Boost logo

Boost :

From: John Maddock (john_at_[hidden])
Date: 2005-05-04 04:42:22


> Is there a way to find out either the string, begin/end iterator or even
> the position of the regex string that created a sub_match?
>
> Lets say I have a regex parser that allows a dynamically defined regex to
> be passed (say, user defined, from a config file).
>
> So A user might pass:
> Bla (.*) blerk (.*)
> ([[:digit:]]+) Bla .* ([[:alpha:]]*)
>
> Or pretty much any regex (actually, in my case, this is not completely
> true, however lets just say for argument's sake ...).
>
> Now assuming another arbitary string is passed to this function, and it
> matches the user-passed regex.

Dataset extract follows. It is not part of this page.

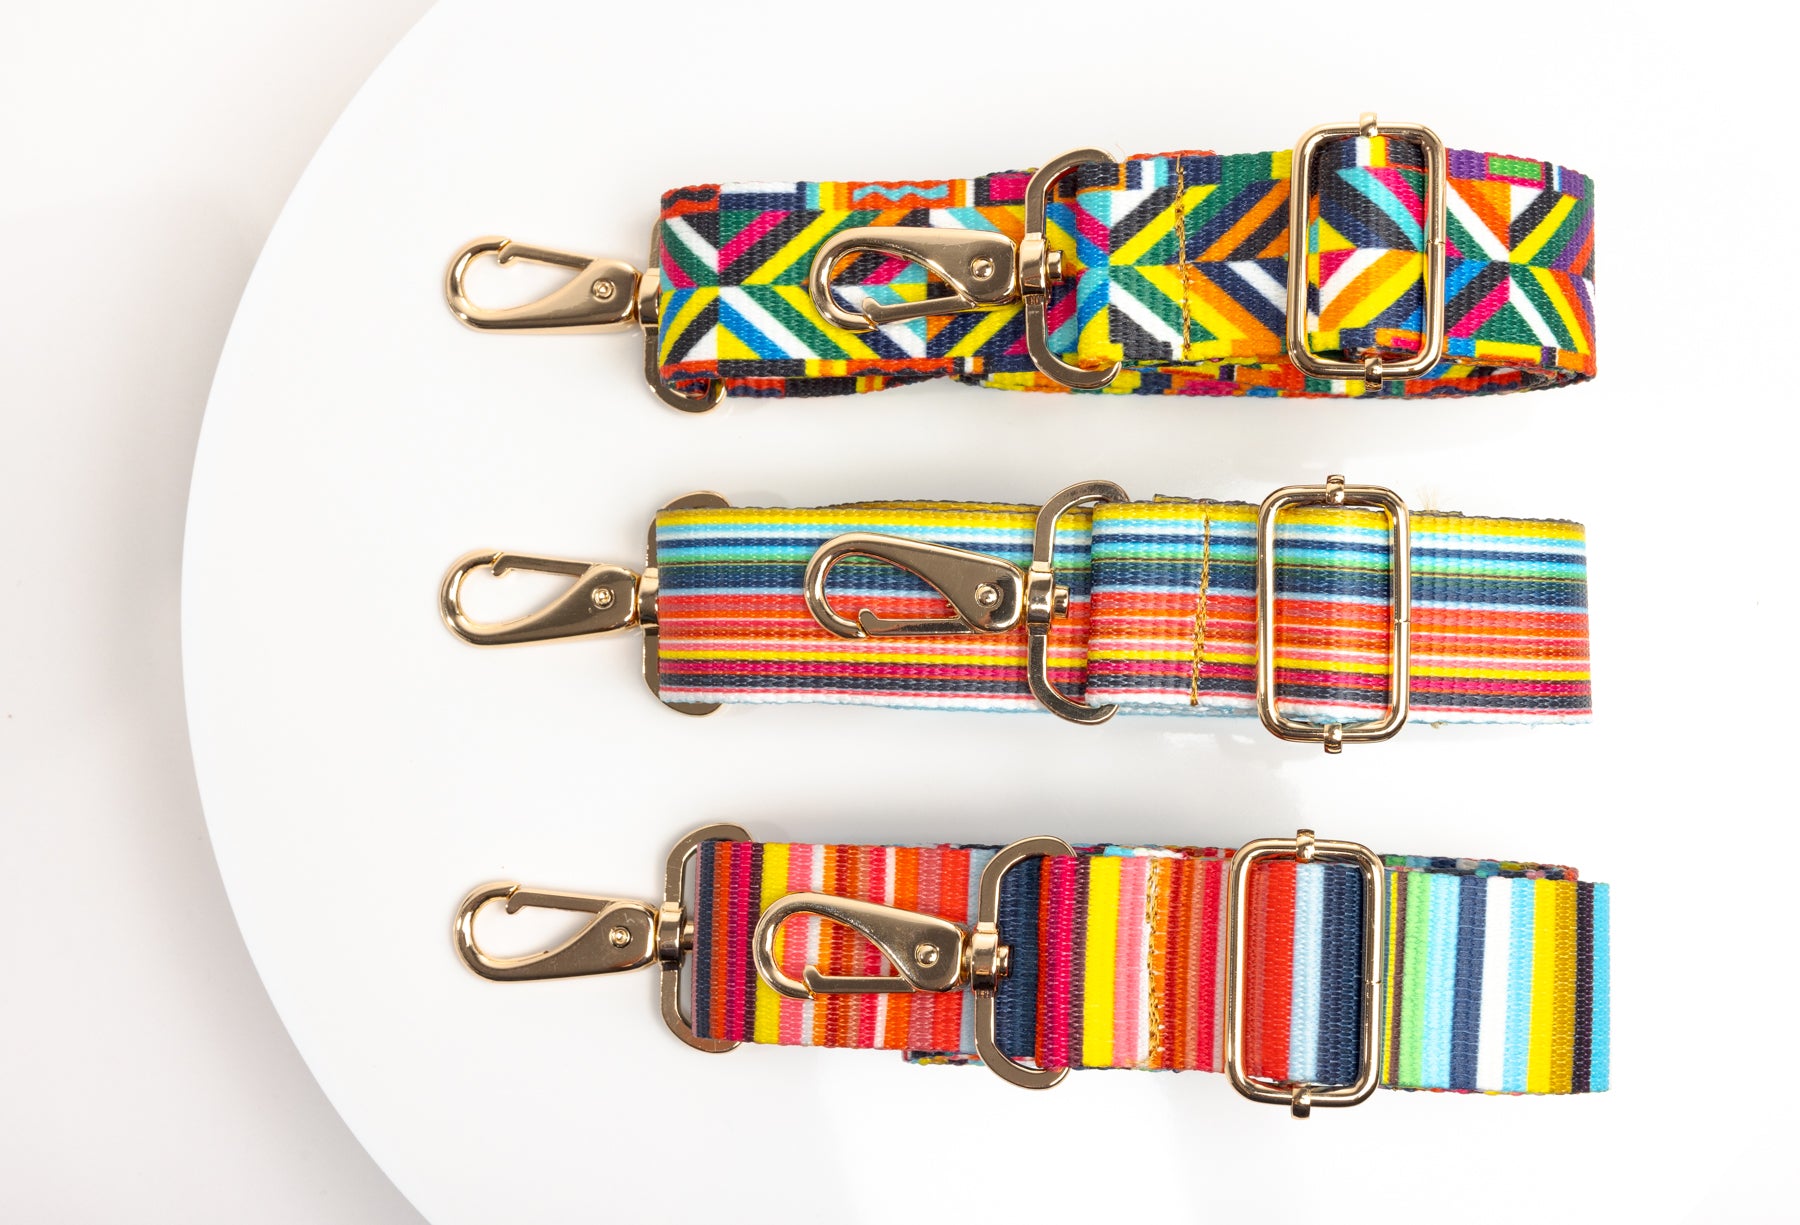 Coba multi color purse straps in a row

How do I find out what the REGEX was that
> matched this particular sub_match (or the position in the passed regex).
>
> For example, if the second regex above was passed, I know by looking at it
> that matches[1] was 'created' by ([[:digit:]]+) and matches[2] was
> 'created' by ([[:alpha:]]*). However programatically, I cannot find out.
>
> Why can sub_match not include a mfirst and msecond parameter (and mstr()
> function), that like first and second (and str()), will point to the
> beginning and end, but of the regex string instead of the 'input' string.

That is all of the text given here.